Descendre les gorges de l’Ardèche en canoë

Le canyon calcaire déroule une trentaine de kilomètres de méandres entre Vallon-Pont-d’Arc et Saint-Martin-d’Ardèche, au cœur d’une réserve naturelle nationale classée depuis 1980 et étendue à 1 950 hectares en 2018, d’après le syndicat de gestion des gorges de l’Ardèche. La rivière alterne plans d’eau calmes et petits rapides, avec des falaises qui montent par endroits à plus de 200 mètres. Aigles de Bonelli et castors habitent les lieux, ce qui explique la règle stricte : à l’intérieur de la réserve, les arrêts se font uniquement sur les plages balisées.

Les loueurs installés au bord de la rivière, à l’image de ce spécialiste du canoë vallon pont d’arc, fournissent l’embarcation, les pagaies, les gilets et les bidons étanches, puis assurent la navette retour depuis l’aval. Réservez tôt le matin en été : les départs de mi-journée subissent la chaleur et l’affluence sur l’eau.

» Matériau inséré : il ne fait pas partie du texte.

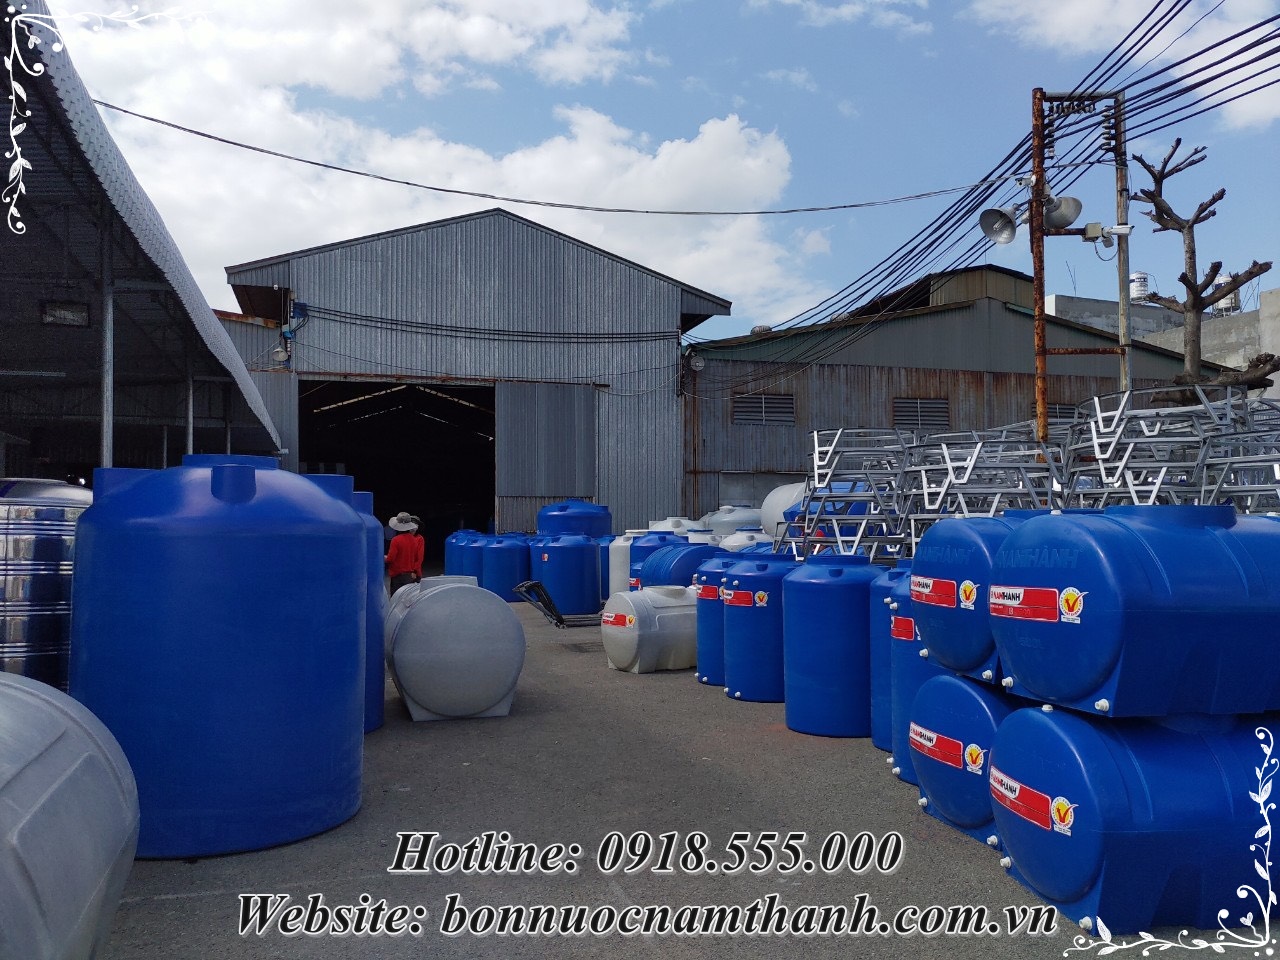 Chi nhánh phân phối bồn nước nhựa cao cấp Nam Thành chính hãng 

Quel format pour un week-end ?

Trois options se détachent selon votre niveau et votre planning :

  • Mini-descente de 6 à 8 km : passage sous l’arche, idéal en demi-journée avec des enfants dès 7 ans sachant nager.
  • Journée de 24 km : le grand canyon en version condensée, 5 à 7 heures de pagaie.
  • Intégrale de 32 km sur deux jours : nuit obligatoire au bivouac de Gaud ou de Gournier, les deux seuls autorisés dans la réserve.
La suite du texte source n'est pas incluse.